AUTEUR: Guy de Maupassant

DATE: 19 septembre, 2017

CATEGORIE: Nouvelles

EDITEUR: Le livre de poche

Par Béasihono

 

Esprit libre, Maupassant refusa toujours d’être affilié à une quelconque école littéraire ou à quelque groupuscule que ce soit. Il récuse toutes les étiquettes mais aussi les honneurs tels que la légion d’honneur ou une place à l’Académie française (refus qu'il regrettera par la suite).

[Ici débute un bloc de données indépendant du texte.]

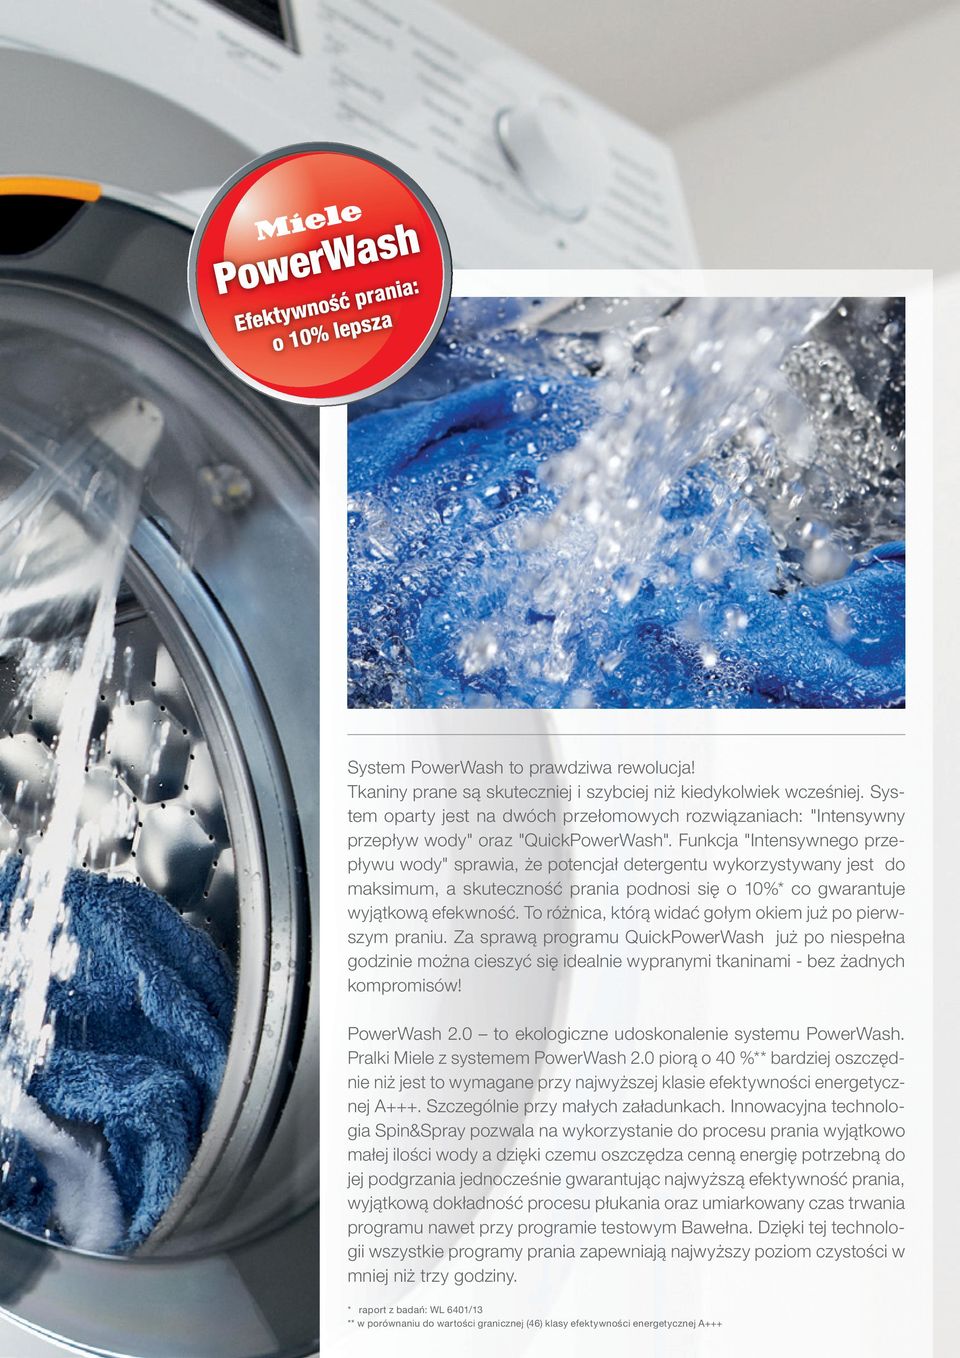 Funkcja "Intensywnego przepływu wody" sprawia, że potencjał detergentu wykorzystywany jest do maksimum, a skuteczność prania podnosi się o 10%* co gwarantuje wyjątkową efekwność.

Dès ses premiers textes, tels que la nouvelle cruelle « Boule de Suif », Maupassant affirma son rejet des épanchements du romantisme au profit de ce qu’il appela le « roman objectif ». Ses deux premiers romans, Une vie et Bel-Ami, entrent dans cette catégorie : le narrateur refuse toute plongée dans la conscience de ses personnages et toute analyse de leurs motivations. Des faits, rien que des faits.

À partir de son troisième roman, il nuance son objectivité et introduit des analyses psychologiques subtiles de ses personnages, ce qui permet de très beaux portraits.

Léon Tolstoï dira d'Une vie " C'est le plus grand chef-d'œuvre de la littérature française, après" Les Misérables ".

Les "contes de la bécasse" débutent par la "Bécasse", une nouvelle très courte qui met en scène "le vieux baron des RAVOTS qui avait été pendant 40 ans le roi des chasseurs de sa province. Mais depuis 5 à 6 années une paralysie des jambes le cloue à son fauteuil et il ne peut plus tirer que des pigeons de la fenêtre de son salon ou du haut de son grand perron. Cette nouvelle dépeint un rite singulier et débouche sur 16 récits parfois cruels pour les soirées après la chasse, les longues marches, l'attente et la fatigue du jour. Ce sont des histoires de la campagne, de cette Normandie natale que l'auteur évoque avec une tendresse narquoise et la recherche du plaisir et où il chasse l'anecdote comme d'autres y tirent la bécasse.

Paysans rusés, fermiers misérables, chasseurs bons vivants, à travers cette galerie de personnages solidement campés, ces contes du terroir normand dépeignent un réel saisissant, l'humanité avec toutes ses turpitudes, en mêlant tous les registres, du comique au burlesque en passant par le drame et la tragédie. Souvent le dénominateur commun, c'est l'argent. On perd un chien (Pierrot) ou un bras (En mer) parce qu'on est regardant -inversement on perd un fils en échange d'une rente mensuelle (Aux champs) -l'argent joue ici un rôle de perversion car il n’est pas la rémunération d'un travail. Dans "Les sabots" l'exemple est poussé à l’extrême. Des parents n'hésitent pas à prostituer leur fille pour capter un héritage.

Cette âpreté au gain va de pair avec un courage, une détermination parfois inutiles (La rempailleuse - La folle - Le testament) où ce sont des femmes qui sont les personnages principaux.

Une galerie sans concession dépeignant les 7 péchés capitaux, mais sans jamais avoir de visées moralisatrices.